[[ Information provided, beginning ]]
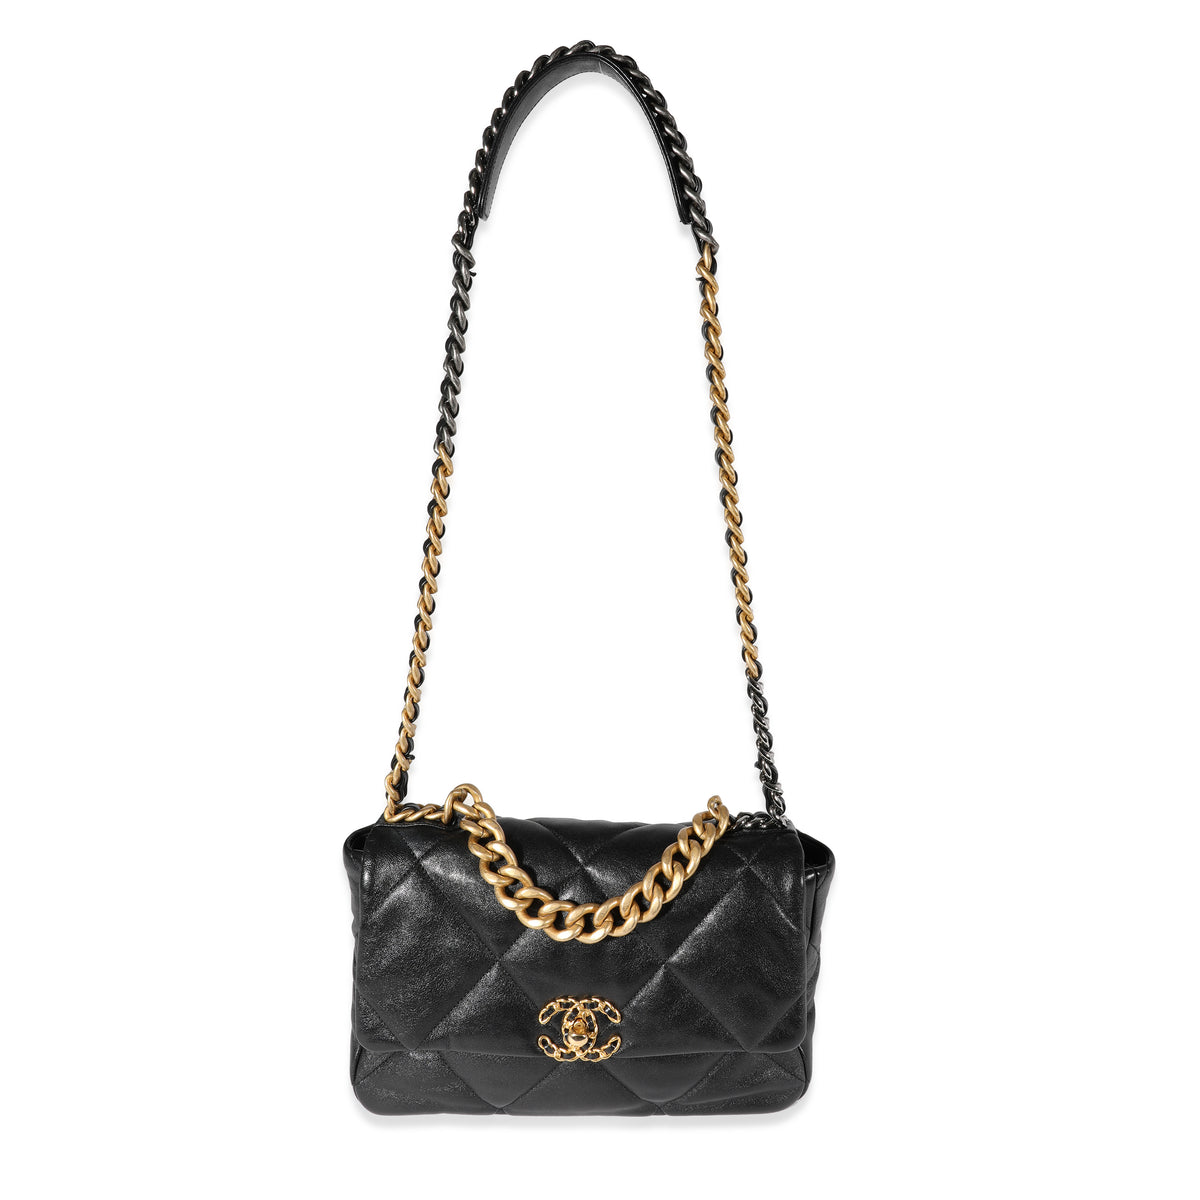 Chanel Black Lambskin Quilted Chanel 19 Shopping Bag, myGemma
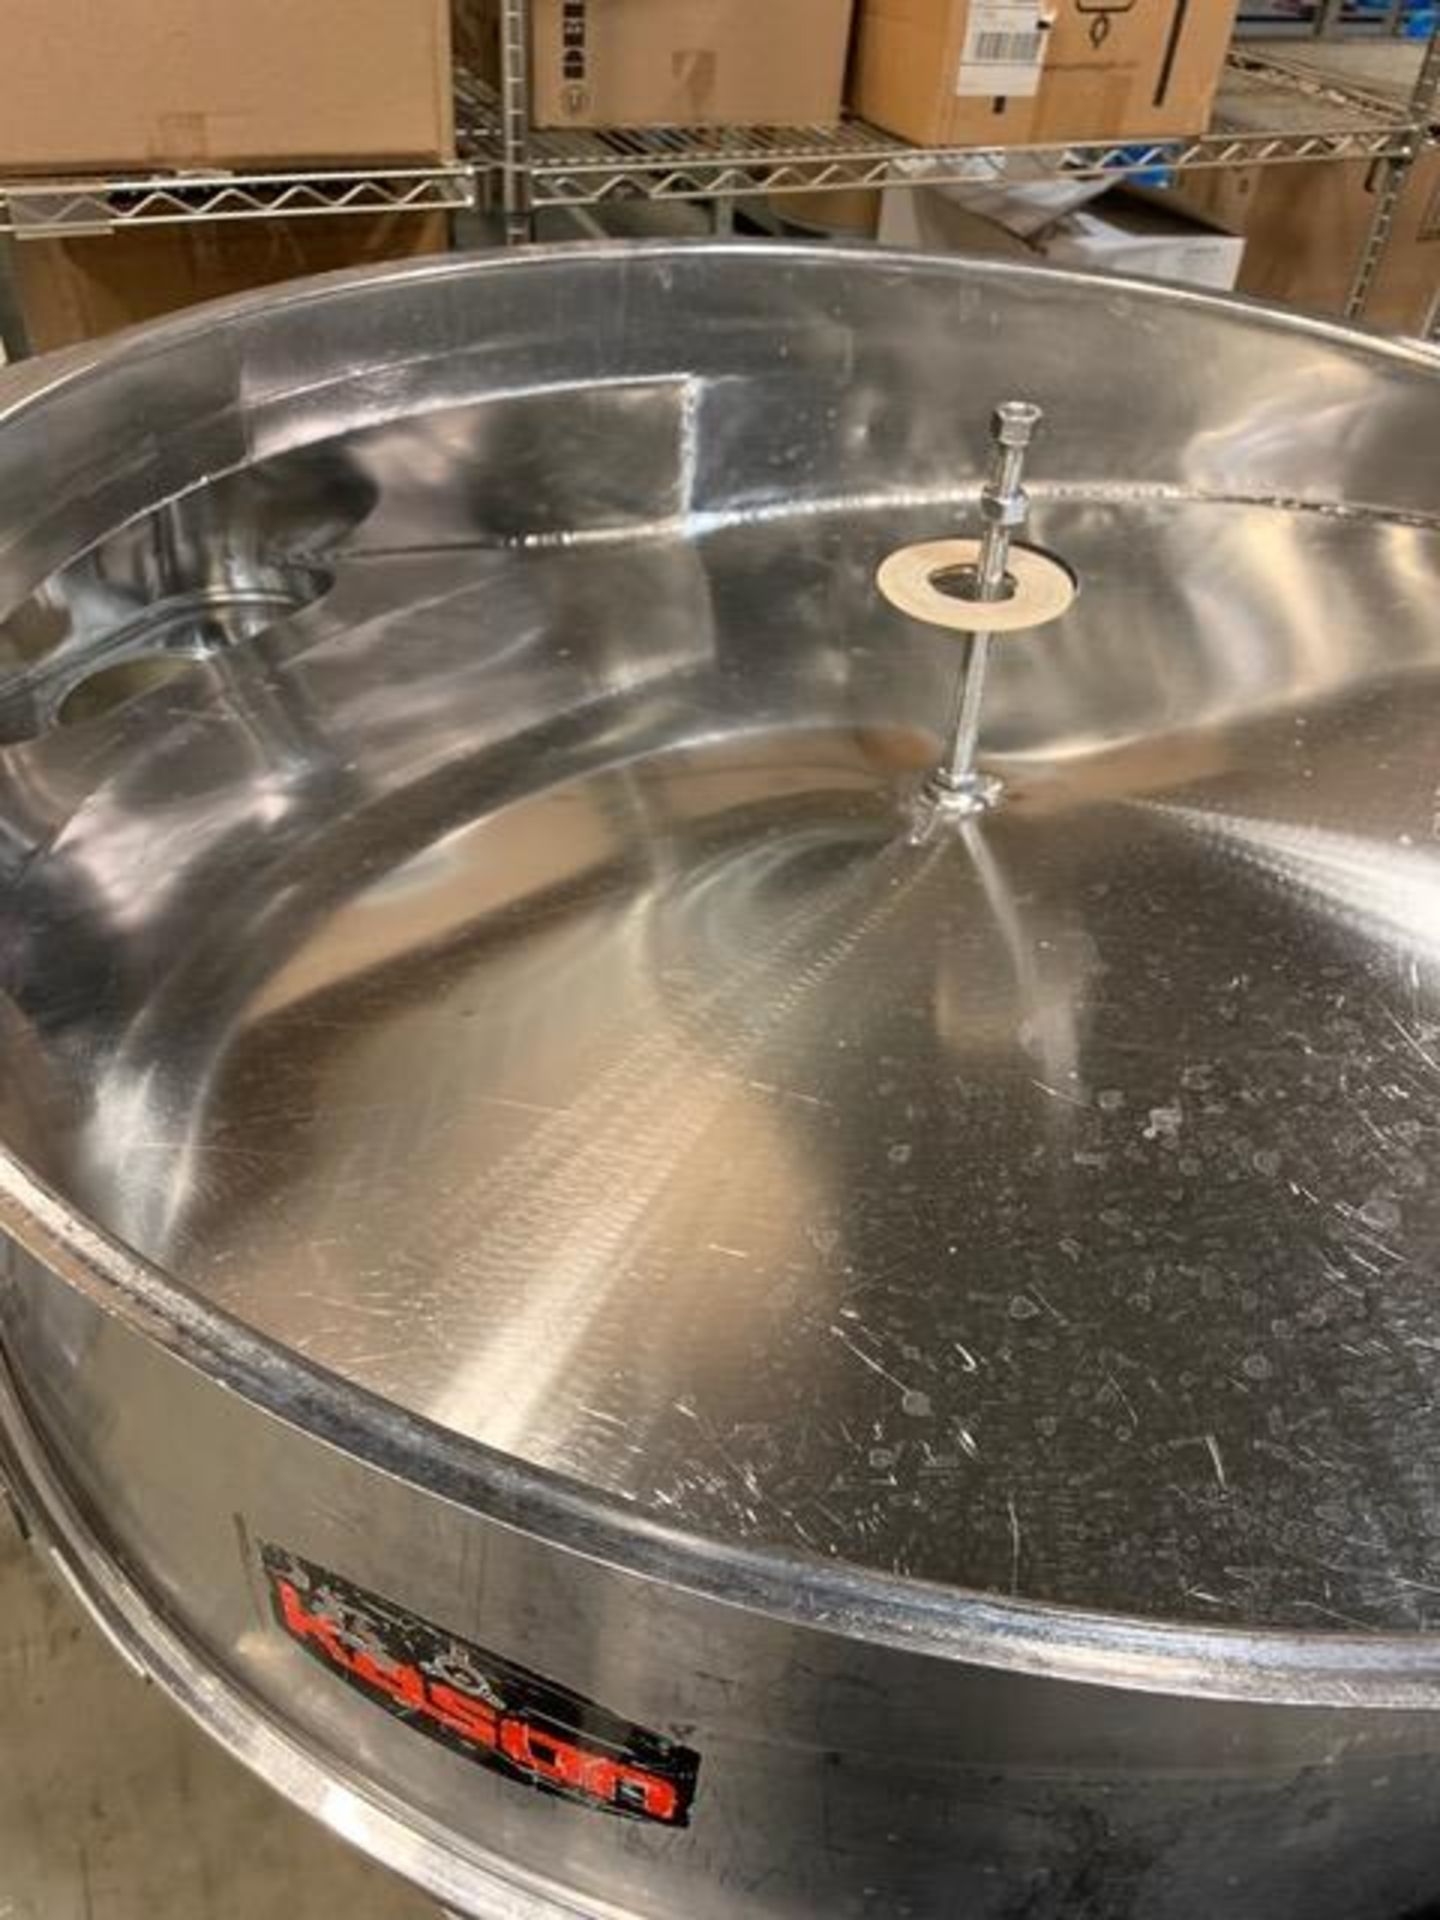 Kason Stainless Steel Vibratory Sifter - Loc: NJ | Rig Fee: $125 - Image 2 of 3
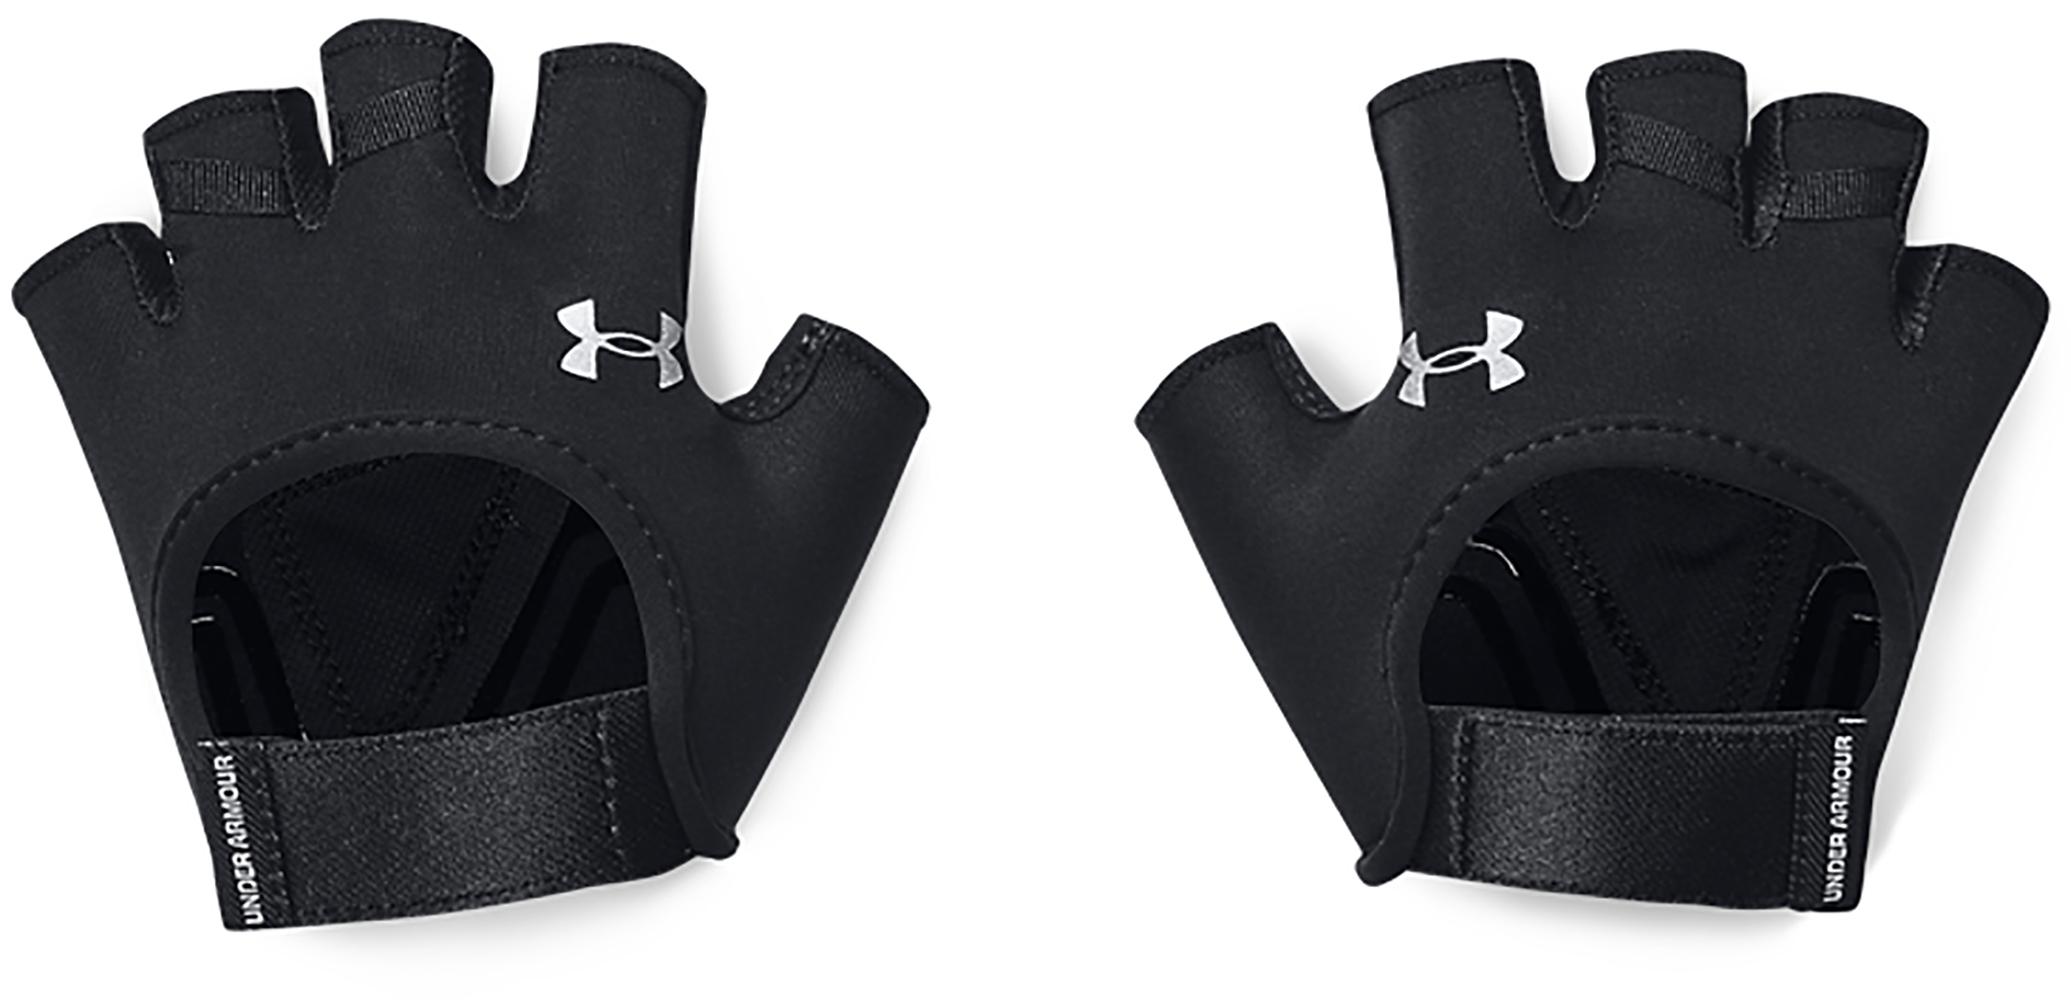 Under Armour Womens Training Gloves - Black/silver
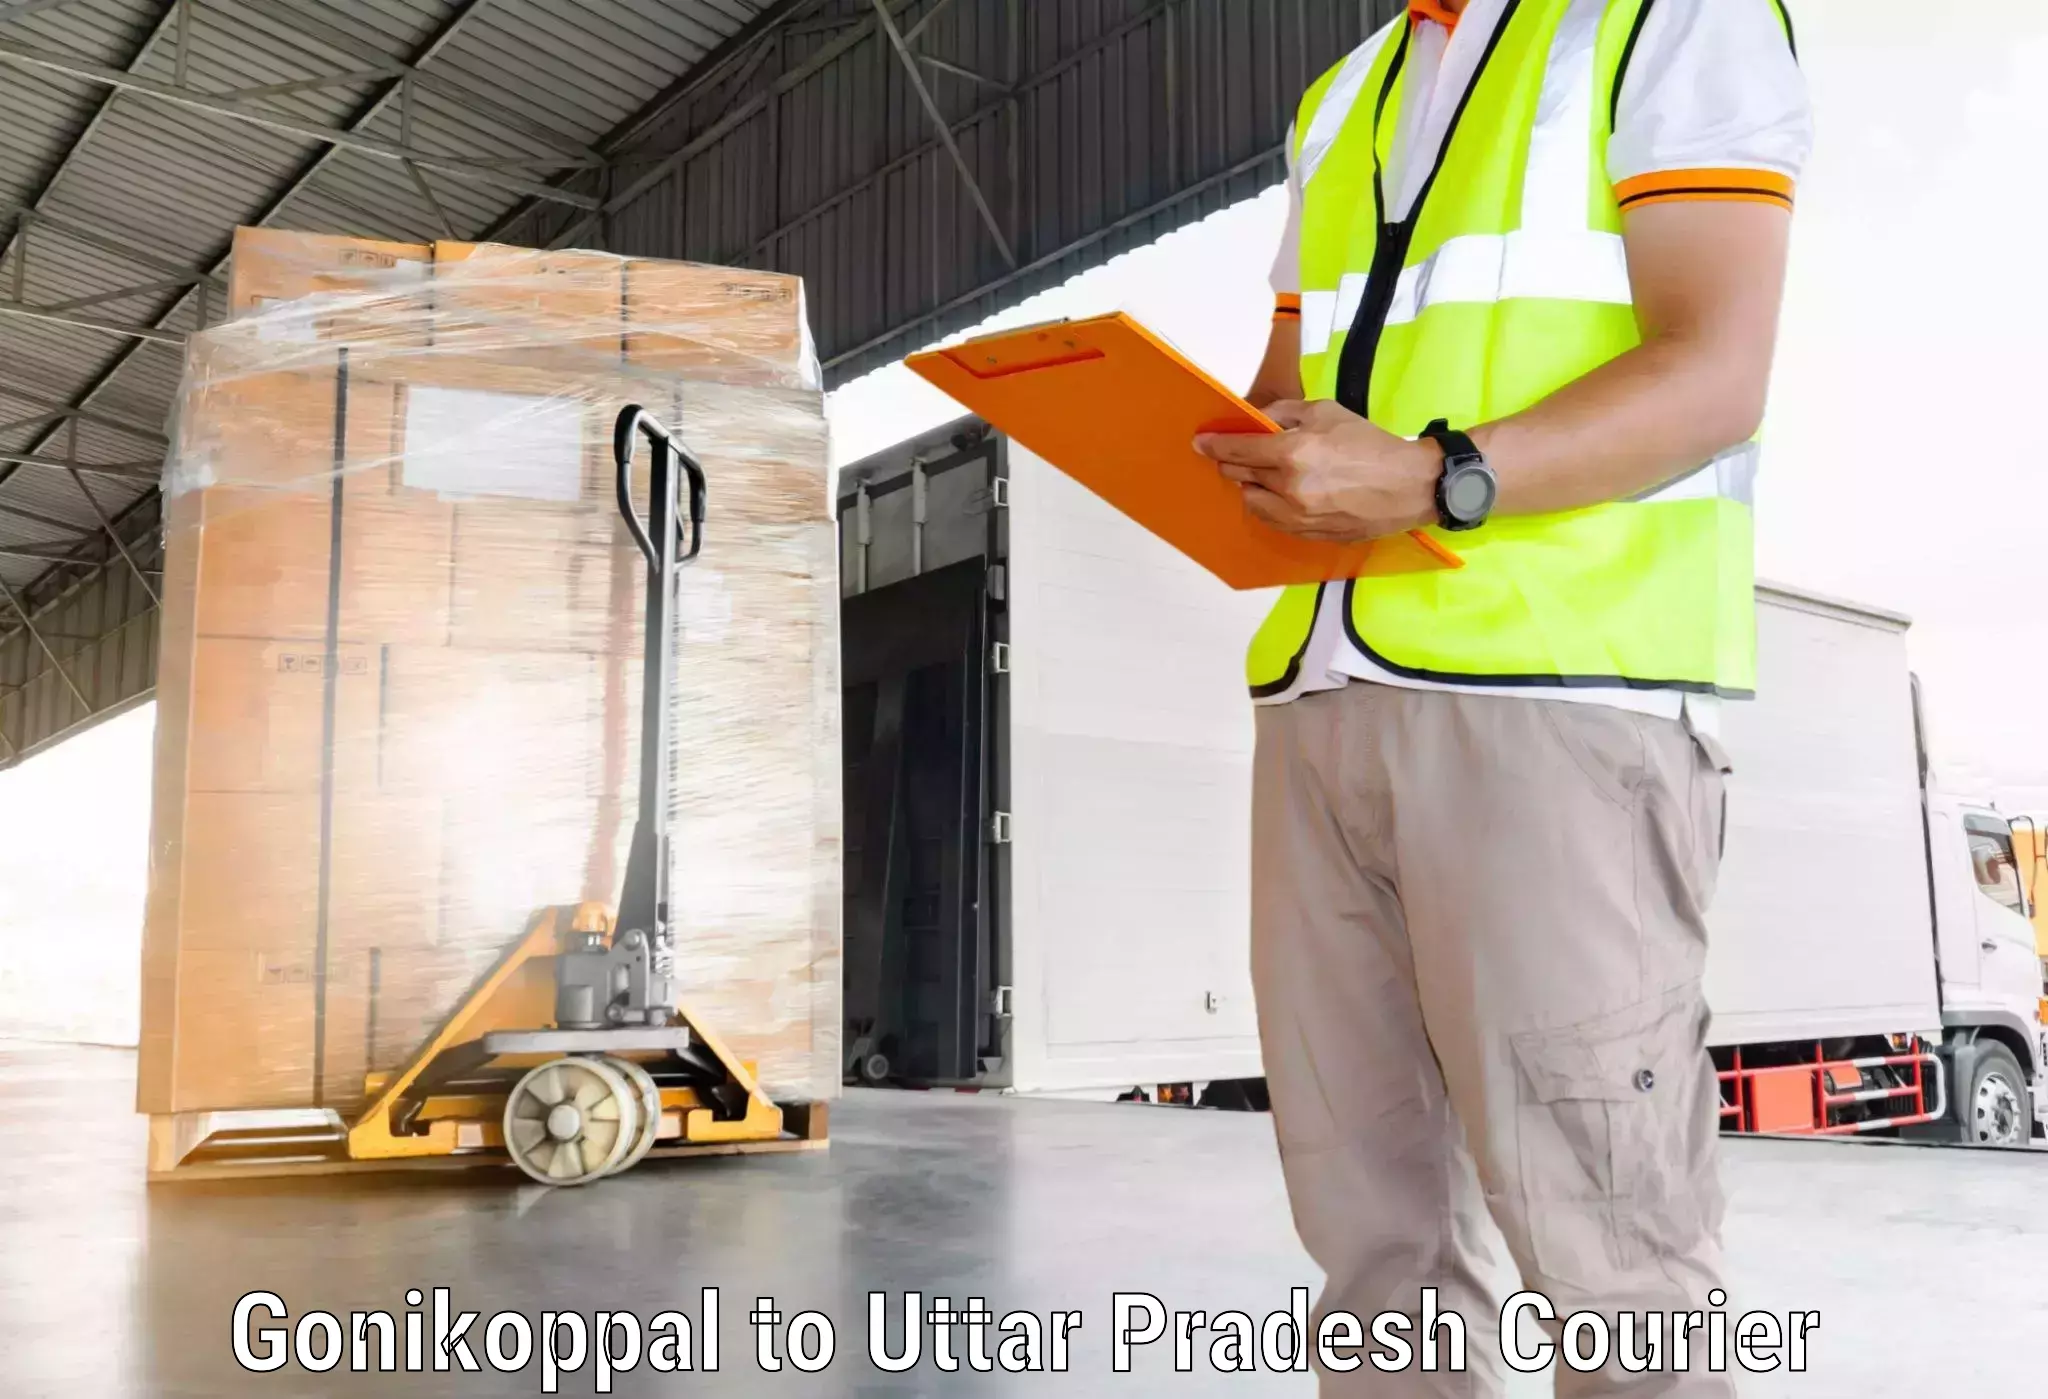 User-friendly courier app Gonikoppal to Chopan
[[ Information provided, end ]]
Your goal:
Give back an exact copy of only the lines from the one with "Under Armour Womens" through the final line of the material, both included. Pictures do not belong in it.

Solution to this task:
 Under Armour Womens Training Gloves - Black/silver
 User-friendly courier app Gonikoppal to Chopan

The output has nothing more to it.